Find the general solution of this differential equation, given that a solution of the corresponding homogeneous equation is $y=x$,
$x^2y''+x(x-2)y'-(x-2)y=x^3$

I've checked that $y=x$ is a solution when the equation has a 0 on the RHS, but it's the whole setting $y(x)=u(x)v(x)$ thing I'm stuck with. Obviously that's $y(x)=xv(x)$, but from there I'm stuck. Can anyone help?

First you want to solve the homogeneous equation (i.e. rhs = 0). This is done using what you said $y = x u$ . Sub. this into your equation
$x^2y''+x(x-2)y'-(x-2)y=0$. You'll get an equation with only u' and u''. Let u' = v which gives a first order you can solve. Then find u.

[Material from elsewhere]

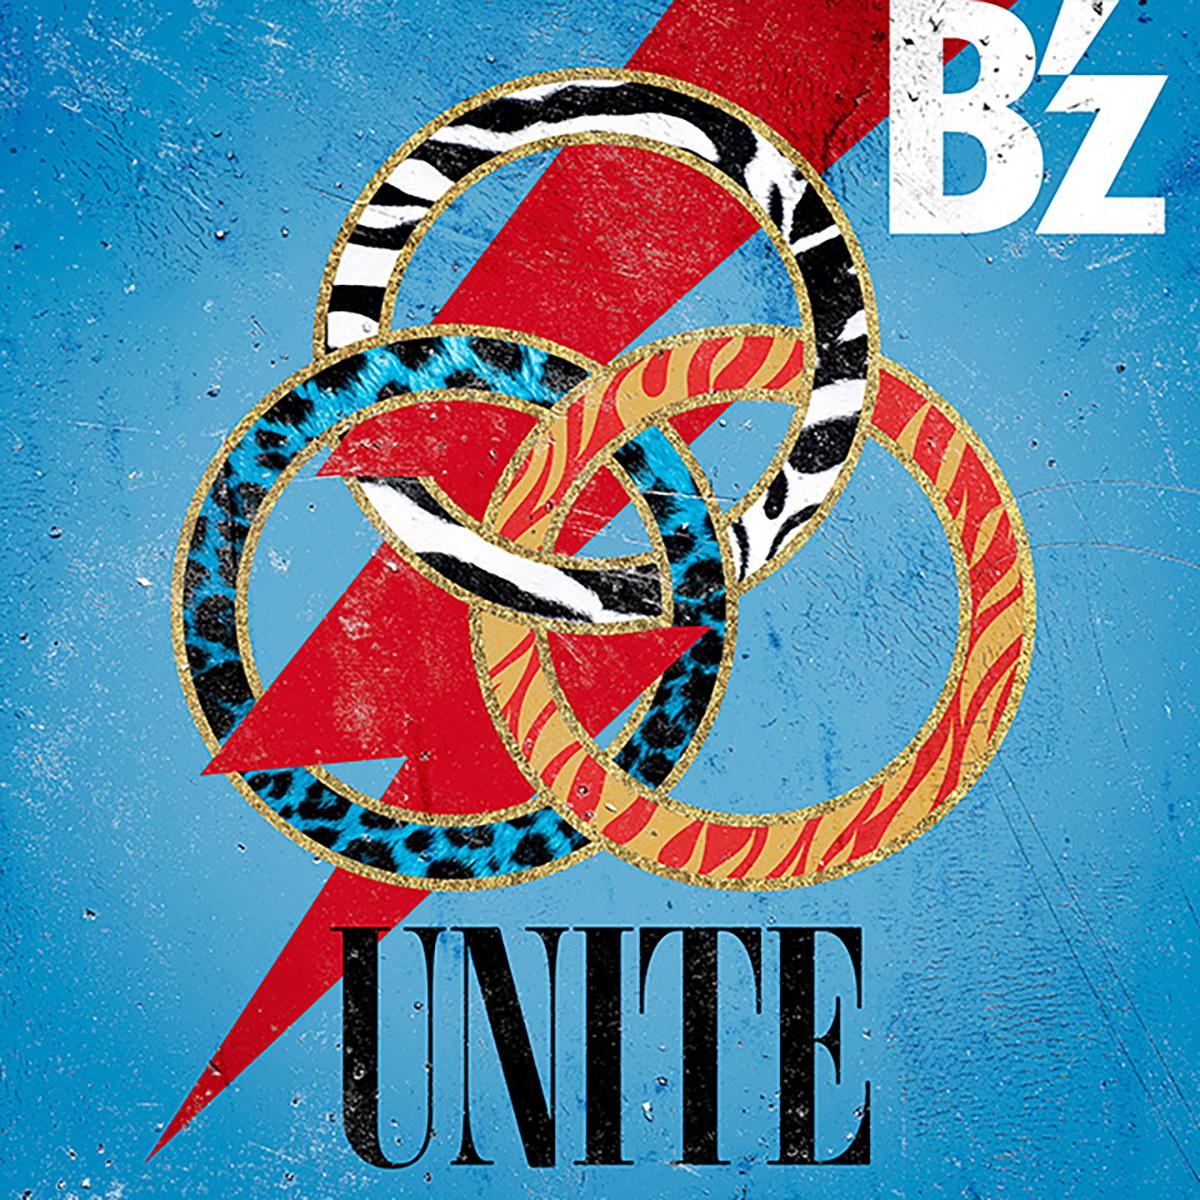 『B'z - UNITE』収録の『UNITE』ジャケット

Then use variation of parameters.
• May 6th 2009, 12:24 PM
chella182
S'alright, I've solved this in the mean time. I didn't understand what I'd written in my notes, but then I remembered what it was. Thanks for the reply, though.
• May 6th 2009, 12:25 PM
HallsofIvy
Quote:

Originally Posted by chella182
The question goes...

Find the general solution of this differential equation, given that a solution of the corresponding homogeneous equation is $y=x$,
$x^2y''+x(x-2)y'-(x-2)y=x^3$

I've checked that $y=x$ is a solution when the equation has a 0 on the RHS, but it's the whole setting $y(x)=u(x)v(x)$ thing I'm stuck with. Obviously that's $y(x)=xv(x)$, but from there I'm stuck. Can anyone help?

Well, if y= xv, then y'= xv'+ v and y"= xv"+ 2v'. What do you get if you put that into your equation?
• May 6th 2009, 12:37 PM
chella182
Like I said, I've sorted it :) cheers, though.